世博会告一段落,然而簪花脱籍之事,在福建路乃至江南一带,掀起议论和效仿的狂潮。
各地州府瓦肆皆停业,官妓、乐妓,市妓纷纷罢工,死即解衣,纺织赎籍之策成为唯一出路,势不可挡。
至于富户豪门私人蓄养的家妓,也不再接受以及不再需要为主人待客,泉州一带,渐有蓄妓不齿之风。

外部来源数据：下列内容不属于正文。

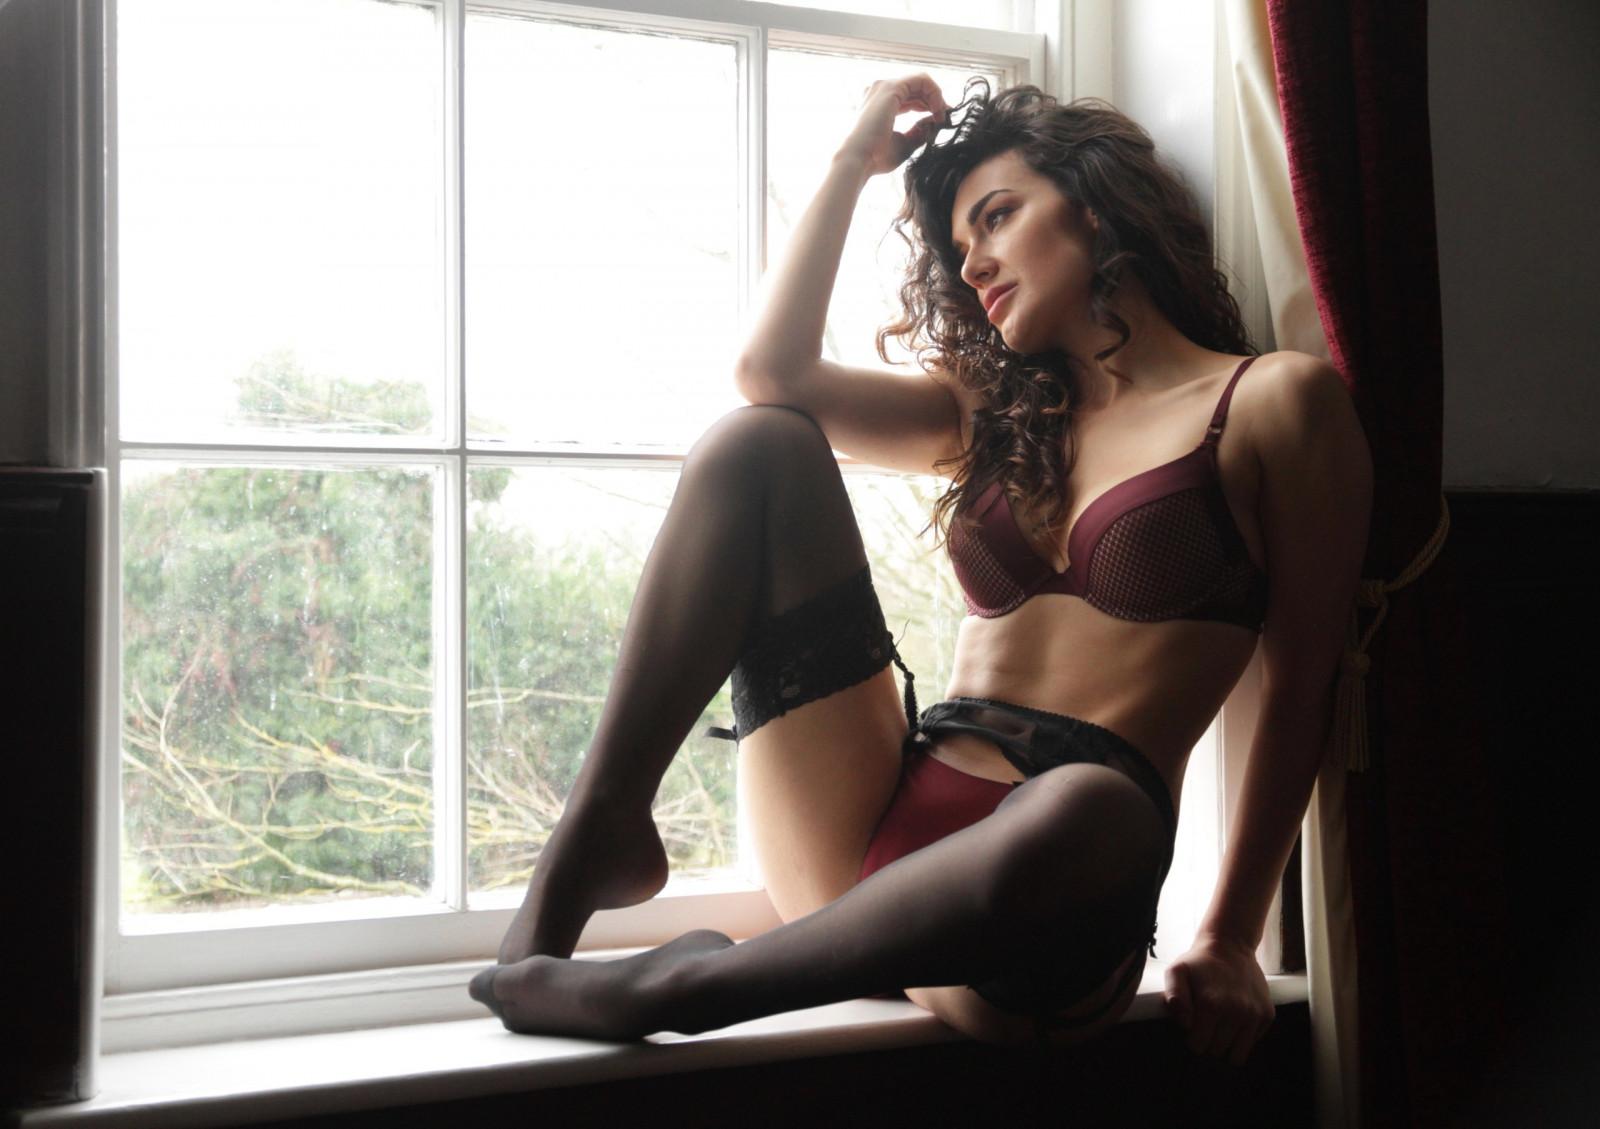 Wallpaper  Women, Window, Long Hair, Sitting, Stockings -3196

地方官纷纷上书东京,而东京方面,晏殊作为三司使,不评判道德,以经济理性说服吕夷简等核心官僚,吕夷简为维稳默许,所以最后飞回各地的,是一个“准”字。
皆因泉州的夏税交出了一张一州超越一路税收的漂亮答卷,同时将娼妓所制衣衫送至延州,彻底圆了这场节衣援军的忠义神话。
边关将士感天动地,妇孺报国纺织援军。
秦香莲不如何在意历史如何书写,她更在意切实的利益,因为真相她会自行设法保存,所以对于被篡改的叙事,她很平静。
但对纺织赎籍之策,秦香莲并不乐观,朝廷虽定义了纺织赎籍的规则,但制度是活的。
境随心转,制随权转。
她们什么都没有做错,却和罪犯一样,接受义务劳动,真正该劳动赎罪的,是那些剽客,是鸨母,是设置这套贱籍制度的人,是背后之人。
秦香莲没有向众人表达自己心中的愤怒和不满,因为大家都很高兴,也很悲伤,高兴于未来的希望,悲伤于过去的死亡。
无论如何,这场利益驱动下的变革,已就此告一段落。
接下来,是如何贯彻和落实这套制度的问题。泉州经过许久商议,终于给出了自己的答案,而各州府也不吝效仿。
官造纺织坊规模有限,而娼妓人口占比约泉州常住人口的百分之二,数千娼妓如何安置,成了不小的难题。
泉州市井十洲人,除却常住人口,有数万流动人口,其中大多也为男性,有巨大需求,娼妓行业由此兴盛,其中市妓应占八成,官妓、营妓次之,家妓数量难以统计但也有一定规模。